An event planning checklist template is the reusable shell you copy for every event: the same phases and the same tracking columns, ready to fill with this event's tasks, owners, and dates. A one-off checklist tells you what to do once. A template is the format you reuse, so each event starts from a working tracker instead of a blank page.
This page gives you the template, a note on each column, and how to use it. It is the format, not the full task list. For the tasks themselves, phase by phase, use the event planning checklist and drop the ones you need into the tracker below.
The event planning checklist template
Copy this into a spreadsheet. Use five columns and group the rows by phase. These rows show the shape and the phase order.

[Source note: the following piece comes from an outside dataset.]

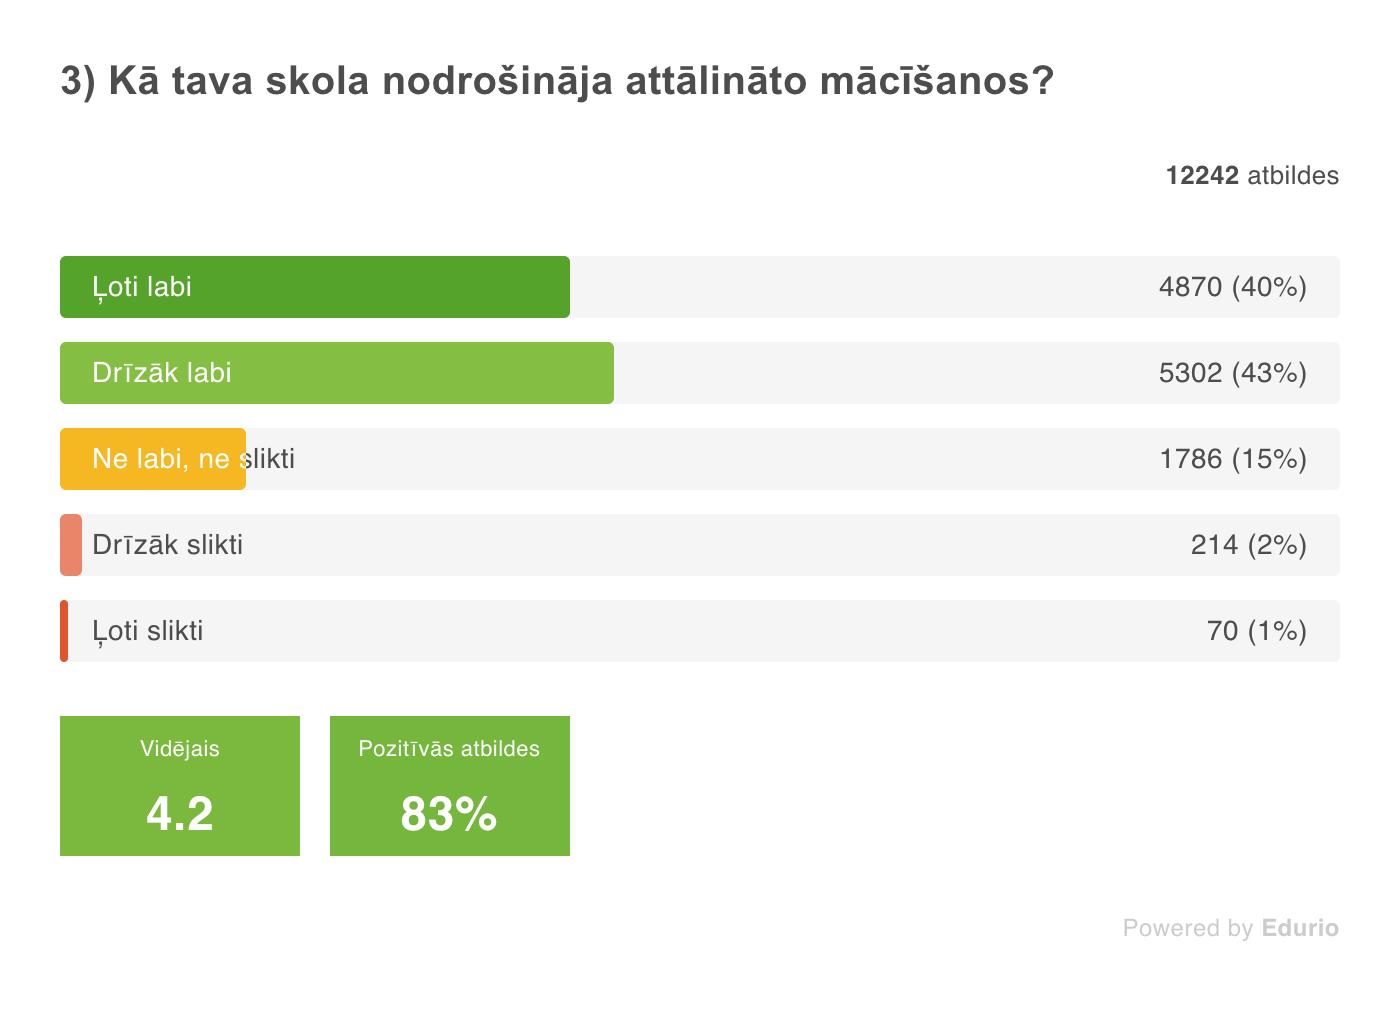 IZM_end_student_3_top_ka_nodrosinaja_macisanos
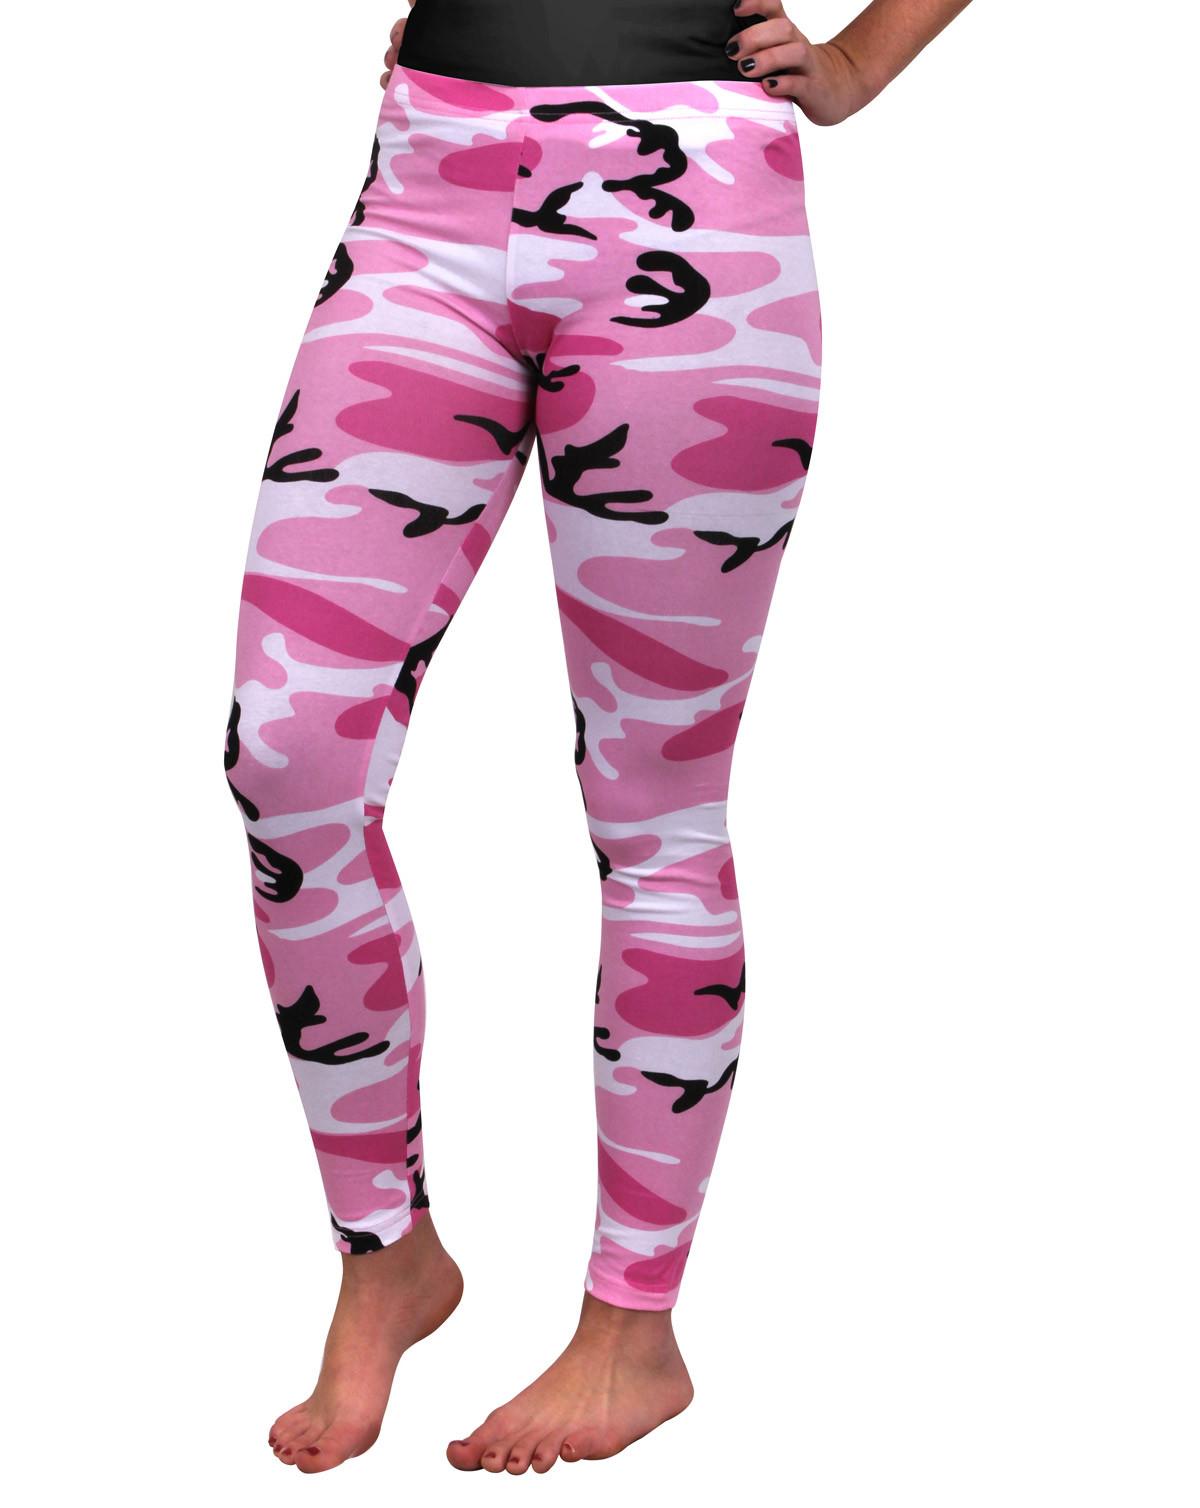 Image of   Rothco Camouflage Leggings (Pink Camo, 2XL)

They are not the full list; pull the complete set of tasks from the event planning checklist and drop them in.
| Phase | Task | Owner | Due (weeks out) | Status |
|---|---|---|---|---|
| Foundation | Set the goal, date, and budget | 24 | ||
| Foundation | Invite and confirm speakers | 24 | ||
| Foundation | Book the venue and sign the contract | 22 | ||
| Confirm | Confirm vendors, catering, and AV | 10 | ||
| Confirm | Collect speaker bios and headshots | 10 | ||
| Confirm | Open registration and start promotion | 10 | ||
| Final weeks | Collect the final slides | 2 | ||
| Final weeks | Lock the run of show and final headcount | 1 | ||
| Event day | AV check, registration open, brief the team | 0 | ||
| After | Thank-yous, post-event survey, debrief | +1 |
Add a Notes column at the end for anything that does not fit, and a column for cost if you are tracking the budget in the same place.

The columns, and why each one matters
- Phase. Group rows by stage, from foundation to after the event, so a task due months out does not get buried under this week's.
- Task. One clear action per row. "Sort out catering" is a project; "confirm final menu and headcount with the caterer" is a task.
- Owner. One name per row. A task with no owner is the one that slips between people, so assign every row, even to yourself.
- Due (weeks out). Count back from event day, not a fixed calendar date. Written as weeks out, the same template works for the next event without a rewrite; you convert to real dates once the event date is set.
- Status. Not started, in progress, done, or blocked. "Blocked" is the one to watch, because it usually means a task is waiting on someone else.

How to use it
A tracker only helps if the team actually runs off it.
- Copy it per event and set the real dates. Count back from event day. Say your event is October 14: 24 weeks out is late April, 10 weeks out is early August, and 2 weeks out is the end of September. Fill those dates into the Due column once and the whole timeline is set.
- Give every row an owner, then sort by owner so each person sees their own list.
- Keep one shared copy that everyone updates, rather than personal lists that drift apart. Review the open and blocked rows together each week.
- Watch the collection rows. The tasks that balloon are the ones where you gather files from other people: speaker bios, headshots, and slides, and sponsor logos and documents. You can collect those through one link and see who is still missing without chasing, so one tracker row replaces a folder and a side spreadsheet.